Project Euler Problem 955

Solution

Answer: 6795261671274

Let the triangle numbers be

$$T_m=\frac{m(m+1)}2.$$

Suppose $a_r=T_m$ is a triangle number appearing in the sequence, and the next triangle number appearing is $a_{r+k}=T_n$.

Between two triangle numbers, the recurrence is

$$a_{j+1}-a_j=(a_j-a_{j-1})+1,$$

and immediately after a triangle number the difference resets to $1$.

Hence the successive increments are

$$1,2,3,\dots,k,$$

$$T_n-T_m = 1+2+\cdots+k = T_k.$$

Therefore

$$T_n=T_m+T_k.$$

Using $T_x=\frac{x(x+1)}2$,

$$n(n+1)=m(m+1)+k(k+1).$$

Rearrange:

$$(2n+1)^2=(2m+1)^2+(2k+1)^2-1.$$

A standard factorization trick gives

$$m(m+1)=uv,$$

with

$$u=\frac{2n+1-(2k+1)}2,\qquad v=\frac{2n+1+(2k+1)}2.$$

Then

$$2k+1=v-u,\qquad 2n+1=u+v.$$

So for a given $m$, to get the next triangle number in the sequence we must choose the factor pair

$$uv=m(m+1)$$

with the smallest odd difference $v-u>1$. Then

$$k=\frac{v-u-1}{2},\qquad n=\frac{u+v-1}{2}.$$

Starting from $m=2$ (since $a_0=3=T_2$), we iterate this rule 69 times and accumulate the corresponding $k$-values (the index jumps).

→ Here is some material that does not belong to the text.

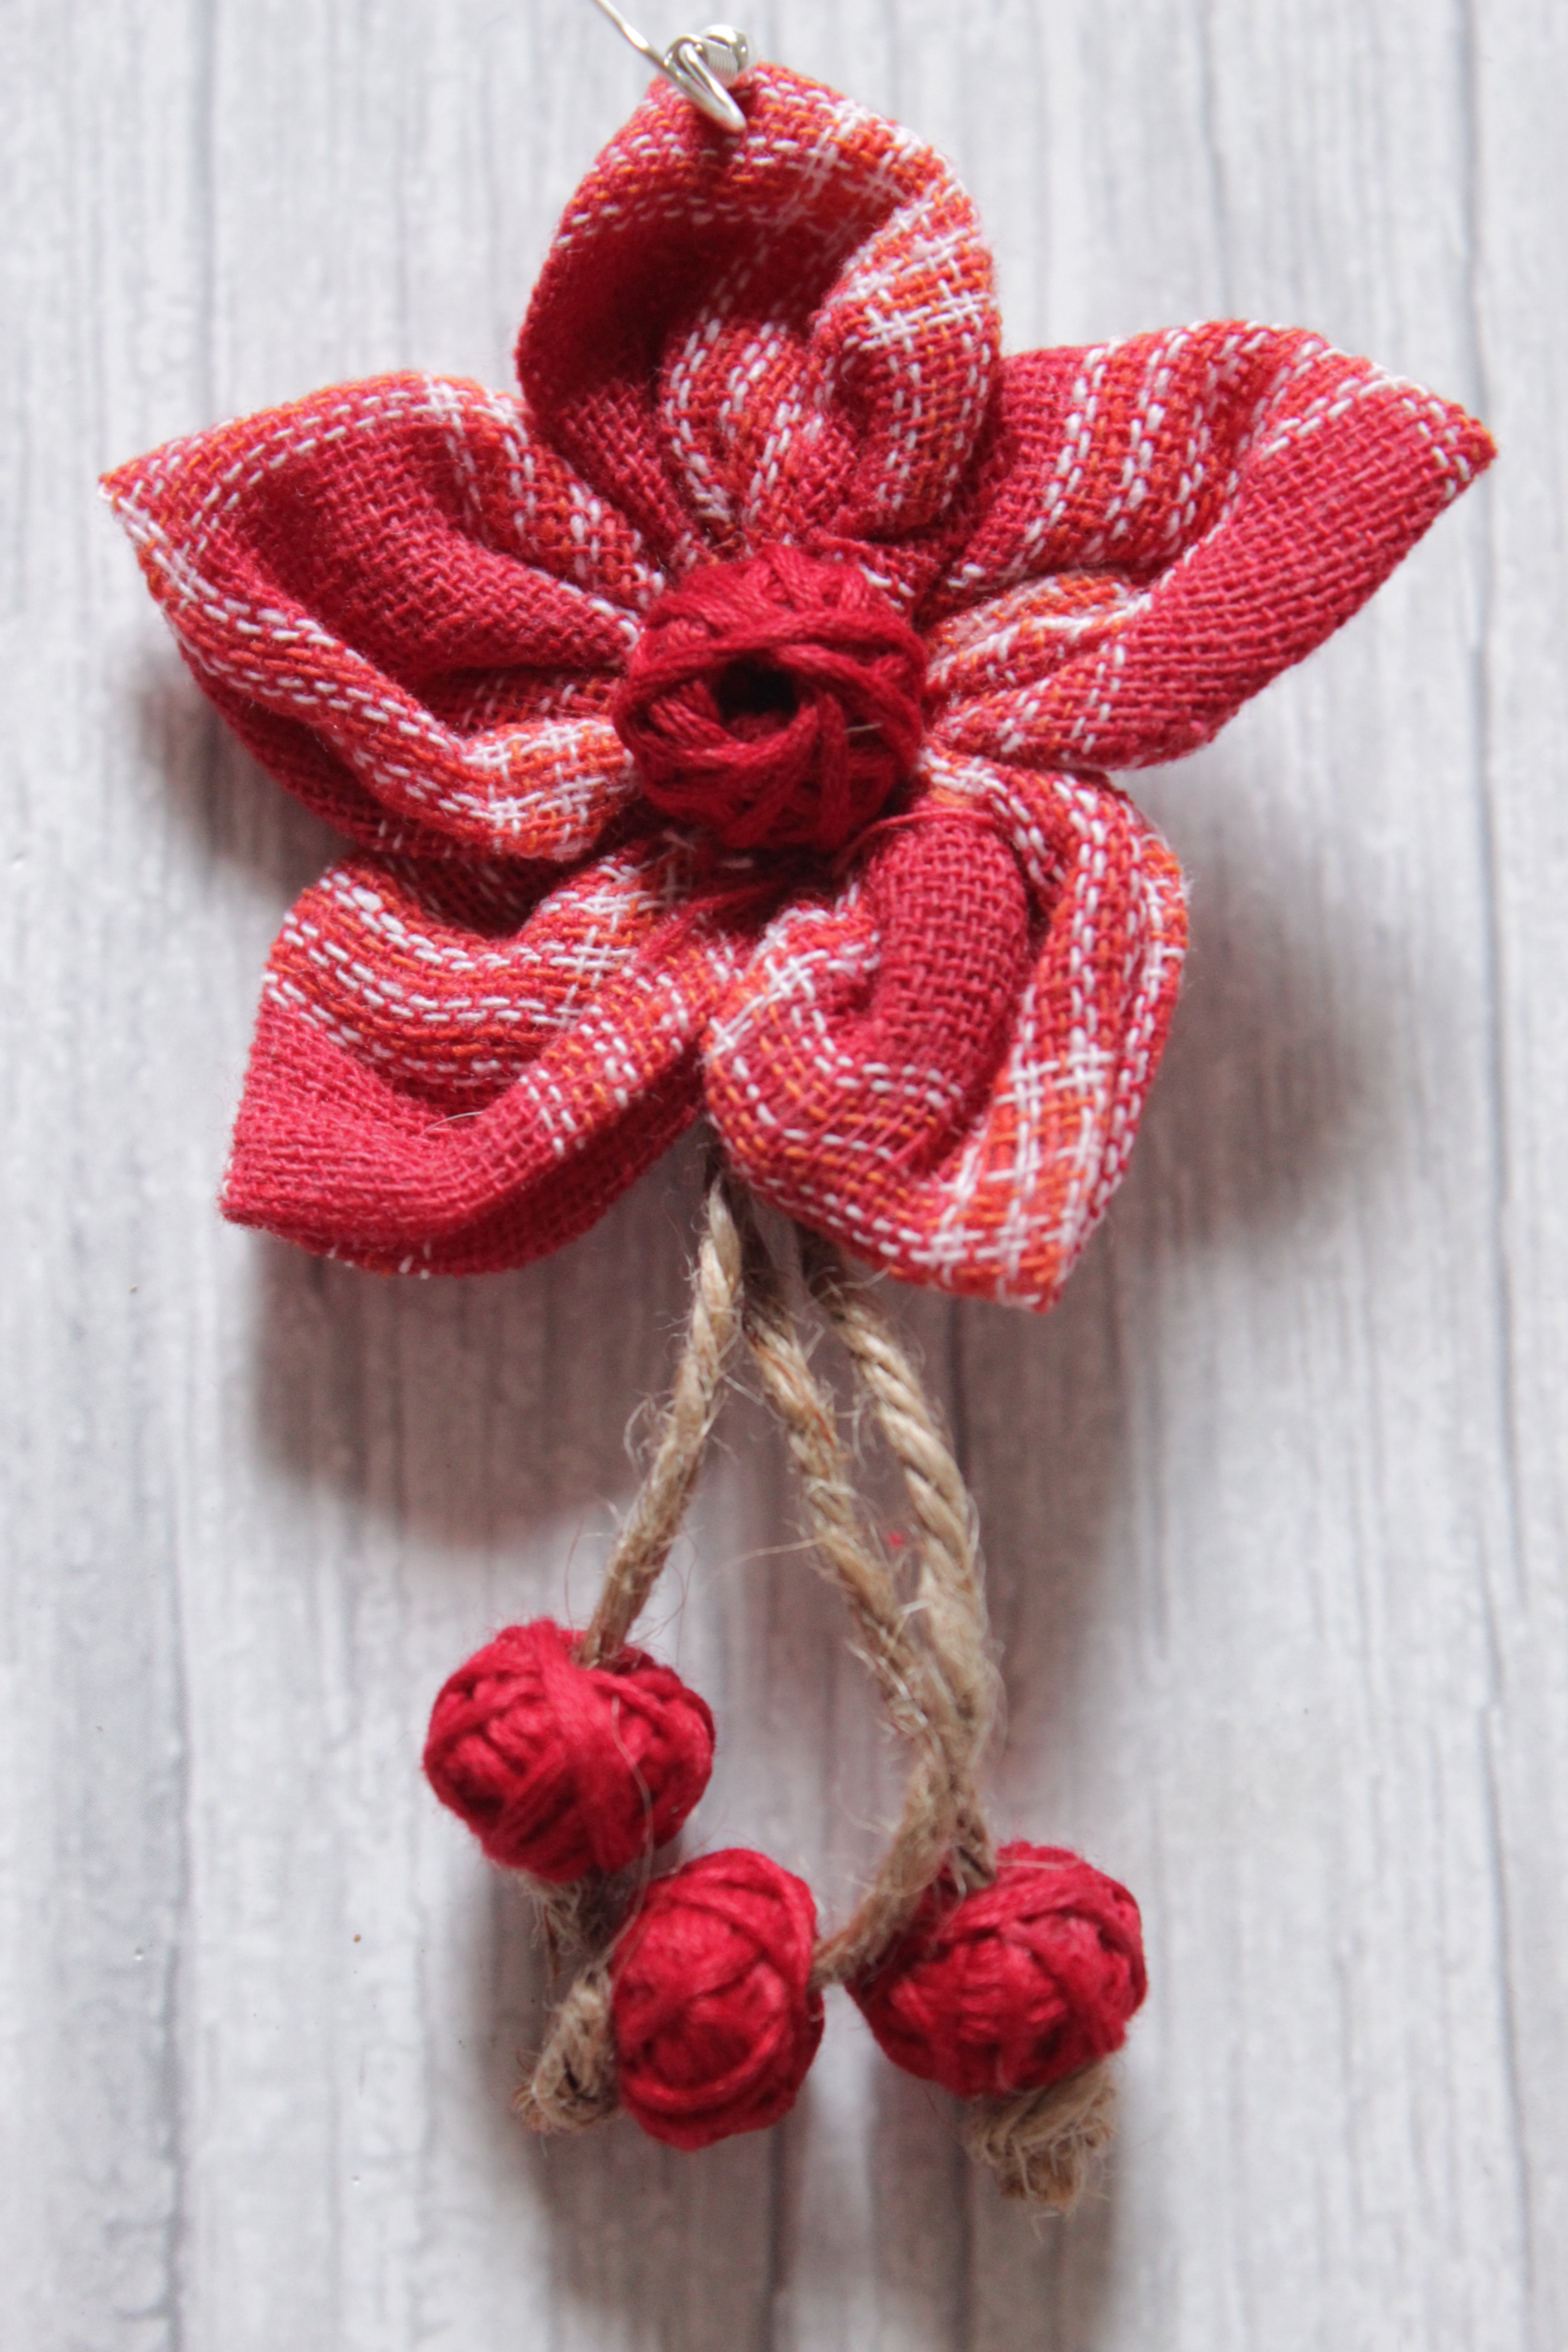 Flower Motif Handcrafted Fabric Earrings with Jute Hangings

A clean Python implementation is:

from math import isqrt
from sympy import divisors

def next_triangle(m):
    N = m * (m + 1)

    best = None
    for u in divisors(N):
        if u * u > N:
            break
        v = N // u
        d = v - u

        # need smallest odd difference > 1
        if d > 1 and d % 2 == 1:
            best = (u, v)

    u, v = best

    k = (v - u - 1) // 2
    n = (u + v - 1) // 2

    return n, k

m = 2          # T_2 = 3
index = 0      # a_0

for _ in range(69):   # move to the 70th triangle number
    m, jump = next_triangle(m)
    index += jump

print(index)

This yields

$$6795261671274.$$

Answer: 6795261671274